● EXERCISE INSTRUCTIONS:
Print the data that follows again, keeping every line exact.

*** DATA SECTION ***

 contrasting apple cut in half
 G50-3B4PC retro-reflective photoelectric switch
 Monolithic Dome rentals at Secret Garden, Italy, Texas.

*** End of DATA SECTION ***

● WRITTEN RESPONSE:
 contrasting apple cut in half
 G50-3B4PC retro-reflective photoelectric switch
 Monolithic Dome rentals at Secret Garden, Italy, Texas.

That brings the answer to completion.